Женщину, по его словам, убили ударом по голове. А рядом с ней в кустах нашли и орудие преступления — «обыкновенный» молоток.
«Вот и второе убийство, — подумал я, почувствовав укол совести, словно мог, но не захотел предотвратить смерть женщины. — Следующая на очереди — Света Пимочкина».
* * *
Ночью с восемнадцатого на девятнадцатое декабря выпал первый снег. Падали не редкие снежинки — случился настоящий снегопад. Природа словно напомнила мне: снега этой зимой будет необычайно много, а до двадцать пятого января осталось чуть больше месяца.
Глава 25
Зачётная неделя прошла именно так, как я и ожидал. В моей зачётке появились первые записи. Проблема возникла только на высшей математике: звали её Попеленский Виктор Феликсович, или просто Феликс. Козлобородый доцент торжественно объявил, что мне нечего делать в горном институте; что для такого «бэздаря», как я, самое место в училище, а лучше — в рядах советской армии.
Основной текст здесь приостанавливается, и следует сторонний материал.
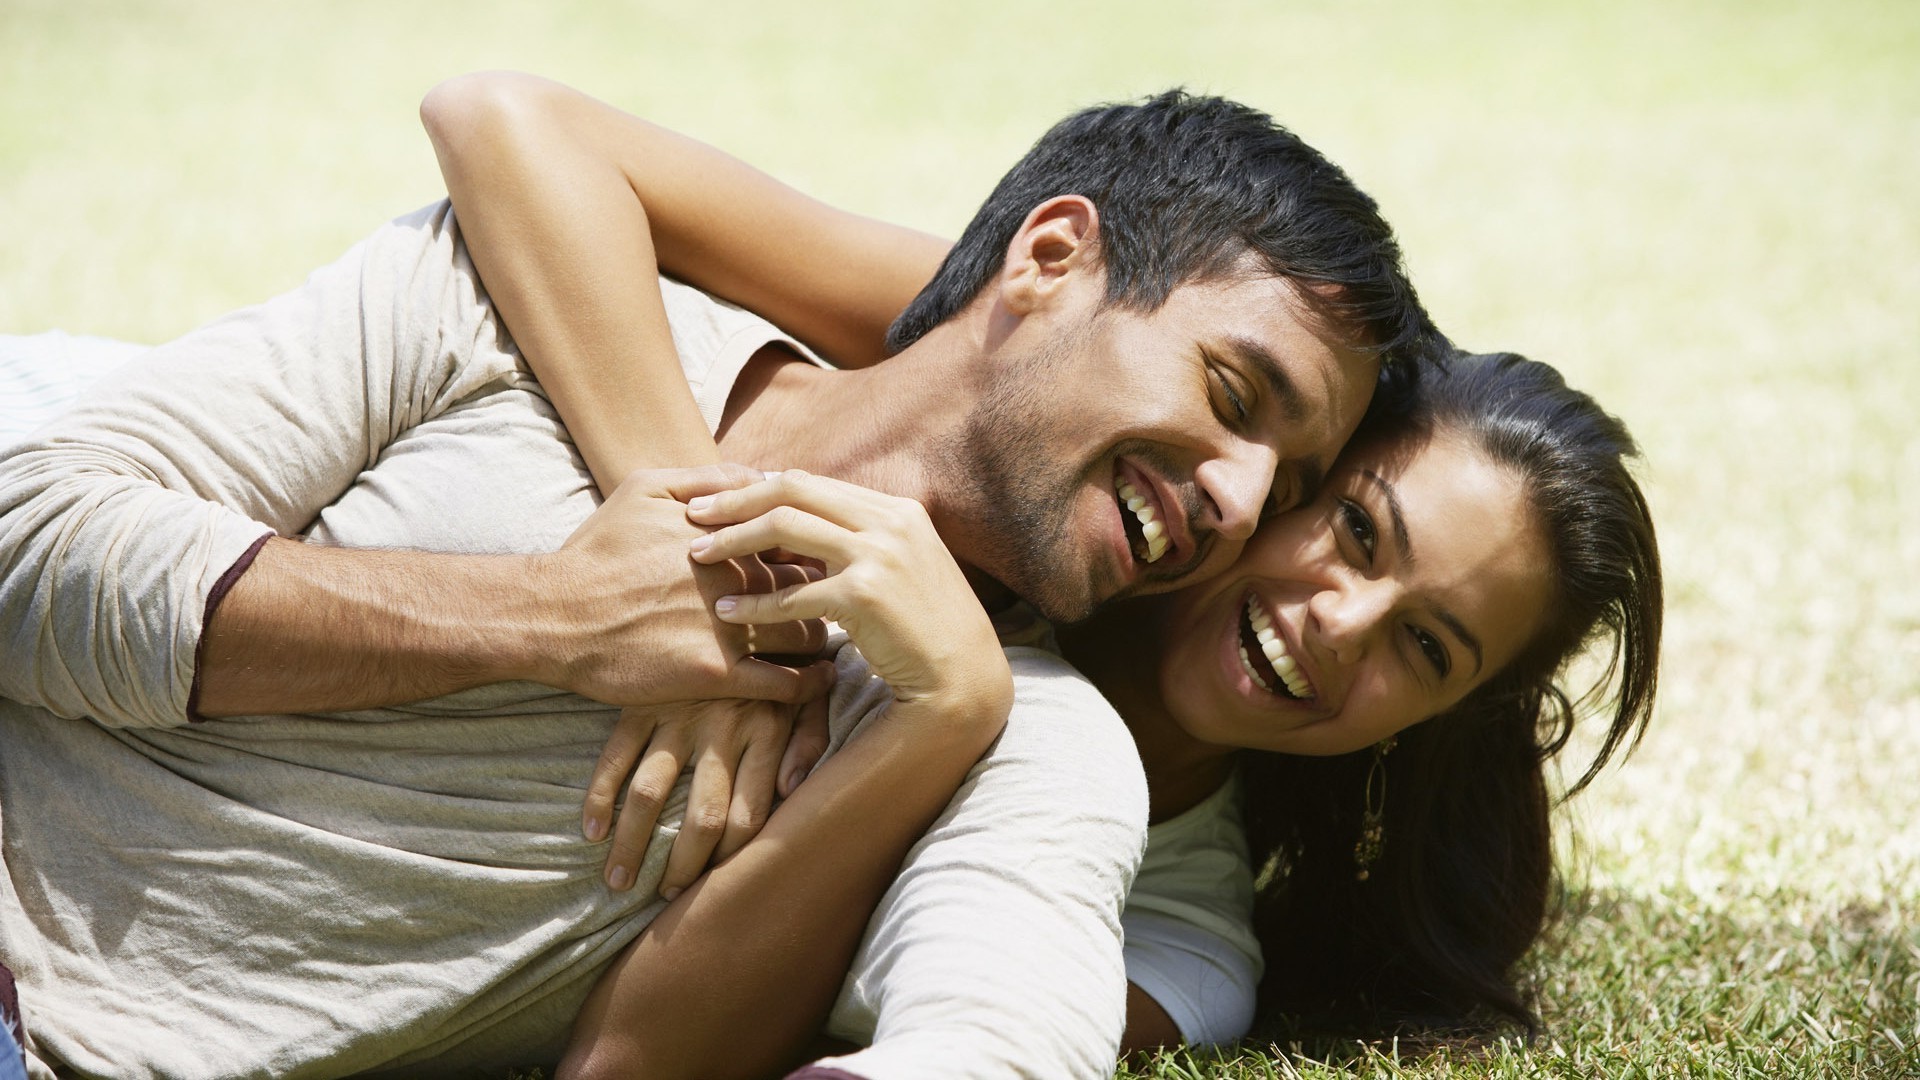 couples woman relaxation outdoors leisure togetherness affection love man reclining facial expression embrace adult happiness enjoyment two daylight romance

Феликс сказал, что мне не следует и пытаться сдать зимнюю сессию. А раз уж я возомнил себя «героем и борцом с преступностью», то он благословляет меня на учёбу в школе милиции — я ему ещё «спасибо» за это скажу.
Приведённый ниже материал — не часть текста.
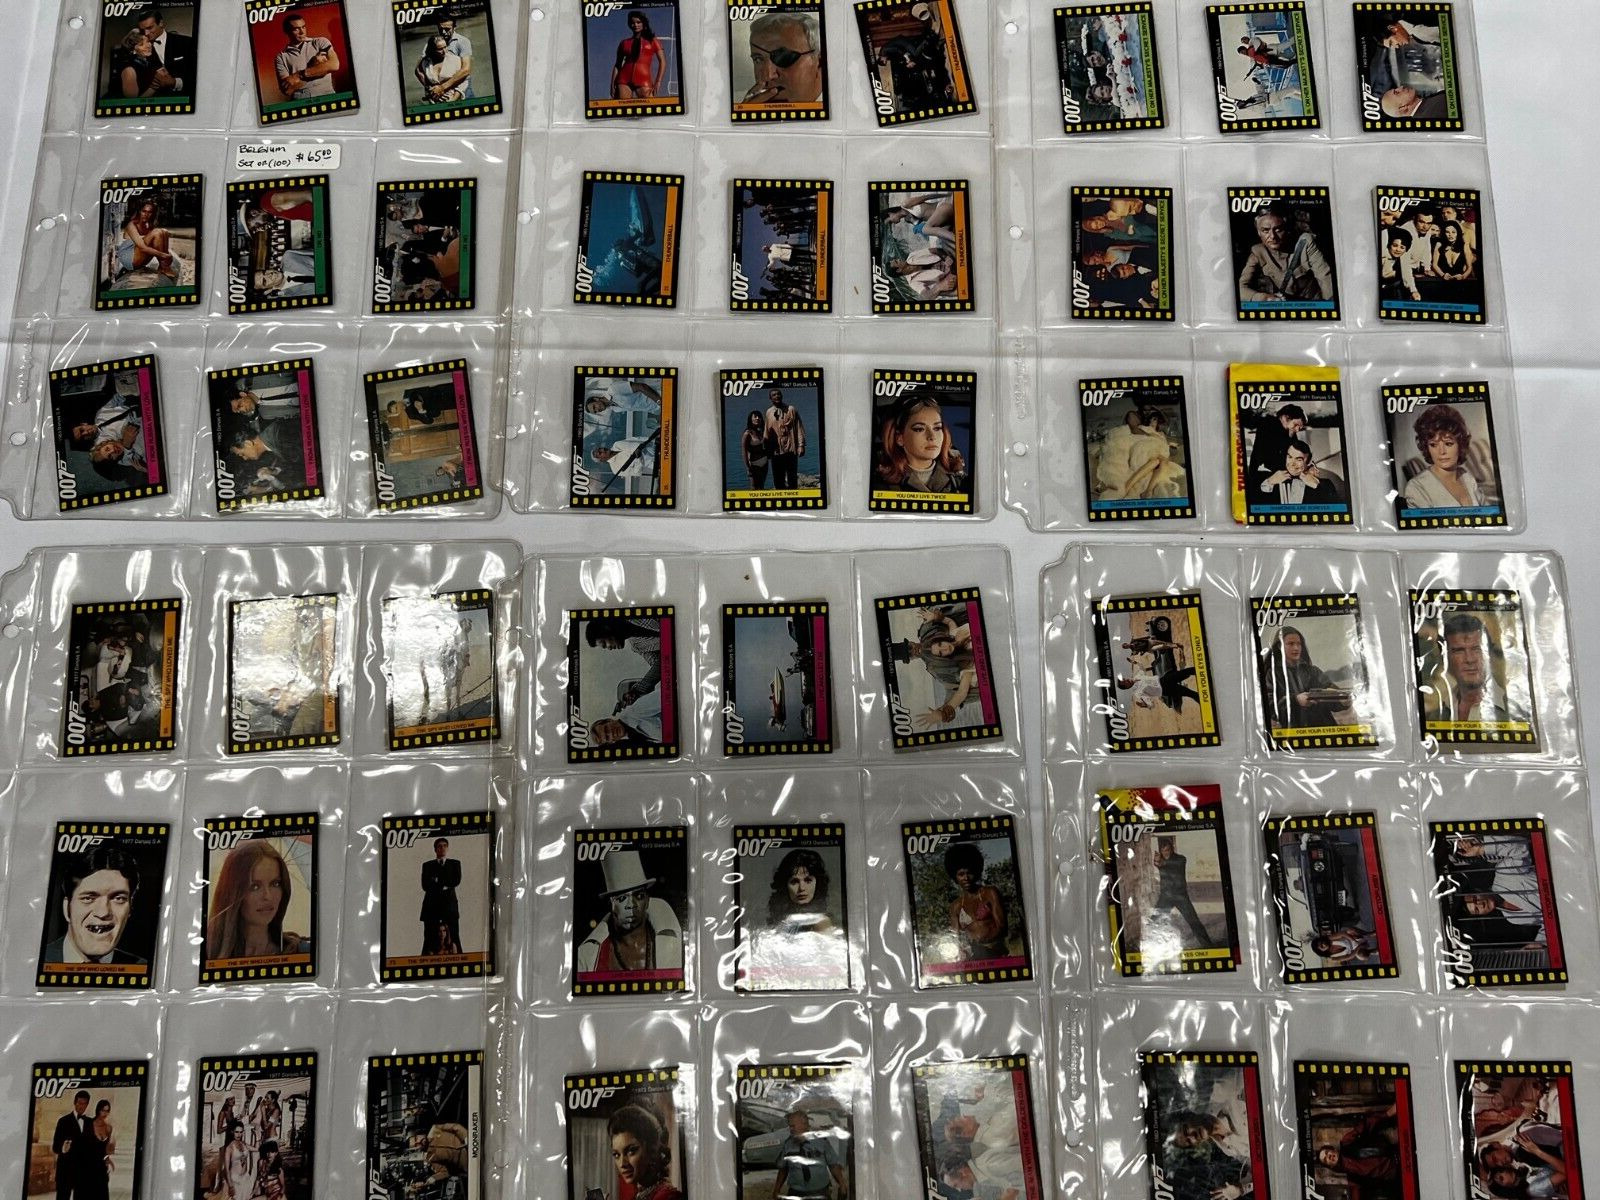 007 James Bond vintage collection of 100 Belgian trading cards 2x3 inches

— Не расстраивайся, Санёк, — сказал Аверин. — Не захотел Феликс по-хорошему… — всё равно поставит.
* * *
В пятницу двадцать четвёртого декабря, поздно вечером, Пашка и Слава собирались в очередной рейд по заснеженному городу — распугивать хулиганов. Хотя по моим прикидкам парни сегодня должны были отдыхать. Но Аверин и Могильный не разъехались по домам — задержались в общежитии. И даже не пошли в первый корпус, как обычно (девчонки, похоже, их там не ждали). В ответ на мои вопросы парни загадочно улыбались. Вместо того чтобы спешить к родителям, стрескали две трети приготовленного мной ужина. Поглядывали на часы, будто чего-то дожидались. Ровно в двадцать три часа Паша и Слава кивнули друг другу, достали из карманов красные повязки.
— Эээ… одевайся, Санёк, — сказал староста. — Сегодня пойдёшь с нами.
— Зачем? — спросил я.
Отложил в сторону почти заученную наизусть книгу Николая Островского — всю прочую художественную литературу вернул перед экзаменами в библиотеку, чтобы уберечь себя от соблазна предпочесть развлекательное чтиво учебникам и конспектам.
— Зачёт по вышке получать будешь, — ответил Аверин. — Я же обещал, что поможем тебе. Пришло время. Так что обязательно прихвати зачётку.
— Зачёт? Ночью?
— Ночью, ночью, — сказал Паша. — Самое время для такого важного дела. Нет, посмотрите на него: он ещё с нами спорит!
— Не спорю, — заверил я. — Одеваюсь. Надо, так надо.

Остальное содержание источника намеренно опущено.